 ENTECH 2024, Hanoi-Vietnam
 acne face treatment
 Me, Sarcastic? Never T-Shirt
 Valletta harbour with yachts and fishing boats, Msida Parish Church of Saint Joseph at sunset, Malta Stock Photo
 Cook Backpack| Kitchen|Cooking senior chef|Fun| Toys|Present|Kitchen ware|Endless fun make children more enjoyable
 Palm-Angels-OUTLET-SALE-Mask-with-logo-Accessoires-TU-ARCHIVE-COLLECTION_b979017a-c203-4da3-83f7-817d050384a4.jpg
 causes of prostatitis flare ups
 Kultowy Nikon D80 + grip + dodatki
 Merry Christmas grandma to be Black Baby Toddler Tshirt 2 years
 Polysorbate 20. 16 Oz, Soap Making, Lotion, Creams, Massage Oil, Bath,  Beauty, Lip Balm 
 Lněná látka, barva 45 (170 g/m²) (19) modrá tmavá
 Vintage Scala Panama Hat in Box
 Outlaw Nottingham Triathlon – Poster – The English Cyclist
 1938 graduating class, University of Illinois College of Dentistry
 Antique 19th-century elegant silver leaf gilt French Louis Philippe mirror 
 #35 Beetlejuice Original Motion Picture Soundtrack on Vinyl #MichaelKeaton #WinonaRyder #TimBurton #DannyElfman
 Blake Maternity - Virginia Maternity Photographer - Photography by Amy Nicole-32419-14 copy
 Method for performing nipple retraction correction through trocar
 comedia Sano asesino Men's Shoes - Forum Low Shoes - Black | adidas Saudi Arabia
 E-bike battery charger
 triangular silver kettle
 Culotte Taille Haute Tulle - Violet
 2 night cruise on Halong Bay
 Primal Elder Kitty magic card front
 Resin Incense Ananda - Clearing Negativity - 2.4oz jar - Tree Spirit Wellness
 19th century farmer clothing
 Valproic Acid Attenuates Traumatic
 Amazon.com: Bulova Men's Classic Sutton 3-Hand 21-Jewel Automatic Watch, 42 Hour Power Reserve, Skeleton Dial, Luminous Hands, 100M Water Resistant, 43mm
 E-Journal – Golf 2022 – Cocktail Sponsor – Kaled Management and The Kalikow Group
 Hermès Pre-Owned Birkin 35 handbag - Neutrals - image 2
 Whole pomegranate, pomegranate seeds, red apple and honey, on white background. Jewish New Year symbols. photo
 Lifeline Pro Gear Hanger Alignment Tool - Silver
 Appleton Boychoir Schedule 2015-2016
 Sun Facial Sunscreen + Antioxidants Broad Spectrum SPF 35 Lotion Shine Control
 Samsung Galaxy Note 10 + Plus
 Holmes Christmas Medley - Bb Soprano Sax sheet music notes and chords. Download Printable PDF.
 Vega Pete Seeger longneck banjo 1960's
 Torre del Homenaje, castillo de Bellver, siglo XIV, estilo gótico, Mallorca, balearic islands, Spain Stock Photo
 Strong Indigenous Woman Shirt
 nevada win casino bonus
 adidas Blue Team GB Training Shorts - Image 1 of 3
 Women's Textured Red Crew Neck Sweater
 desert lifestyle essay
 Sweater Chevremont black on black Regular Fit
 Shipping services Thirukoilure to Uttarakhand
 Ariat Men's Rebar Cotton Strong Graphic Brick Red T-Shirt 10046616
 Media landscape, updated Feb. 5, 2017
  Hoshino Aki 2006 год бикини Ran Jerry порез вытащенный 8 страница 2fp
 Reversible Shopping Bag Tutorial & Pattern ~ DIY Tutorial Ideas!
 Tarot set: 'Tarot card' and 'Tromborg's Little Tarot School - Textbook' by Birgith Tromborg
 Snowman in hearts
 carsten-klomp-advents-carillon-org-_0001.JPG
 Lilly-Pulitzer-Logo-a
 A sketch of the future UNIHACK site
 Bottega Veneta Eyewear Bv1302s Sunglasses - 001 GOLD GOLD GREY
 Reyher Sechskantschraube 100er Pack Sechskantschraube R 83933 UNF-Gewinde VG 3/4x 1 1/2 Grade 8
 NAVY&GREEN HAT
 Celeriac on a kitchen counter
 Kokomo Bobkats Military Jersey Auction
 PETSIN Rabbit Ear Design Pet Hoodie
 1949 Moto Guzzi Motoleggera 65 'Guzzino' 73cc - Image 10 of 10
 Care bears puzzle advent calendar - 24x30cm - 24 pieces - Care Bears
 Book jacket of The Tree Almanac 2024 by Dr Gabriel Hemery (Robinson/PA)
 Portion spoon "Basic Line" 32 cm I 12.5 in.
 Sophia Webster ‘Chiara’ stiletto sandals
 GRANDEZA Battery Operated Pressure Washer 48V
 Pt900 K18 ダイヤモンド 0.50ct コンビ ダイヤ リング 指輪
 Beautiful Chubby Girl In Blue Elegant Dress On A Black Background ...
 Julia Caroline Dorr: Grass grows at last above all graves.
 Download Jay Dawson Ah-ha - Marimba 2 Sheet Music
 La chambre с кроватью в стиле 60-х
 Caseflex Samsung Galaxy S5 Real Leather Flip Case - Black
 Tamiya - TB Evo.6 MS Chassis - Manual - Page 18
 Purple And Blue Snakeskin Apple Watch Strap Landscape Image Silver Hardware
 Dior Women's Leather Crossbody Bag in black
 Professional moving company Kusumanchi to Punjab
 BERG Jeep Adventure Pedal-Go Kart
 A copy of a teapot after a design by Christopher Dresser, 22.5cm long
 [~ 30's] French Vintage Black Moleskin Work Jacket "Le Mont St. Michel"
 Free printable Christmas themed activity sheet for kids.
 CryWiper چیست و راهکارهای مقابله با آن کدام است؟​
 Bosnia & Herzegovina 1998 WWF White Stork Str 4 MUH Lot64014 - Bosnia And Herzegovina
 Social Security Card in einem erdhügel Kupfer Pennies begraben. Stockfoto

########################################

WHAT THE TASK REQUIRES ▸
State how many lines in the entries hold the word "adidas", giving the number alone.

TASK SOLUTION ▸
2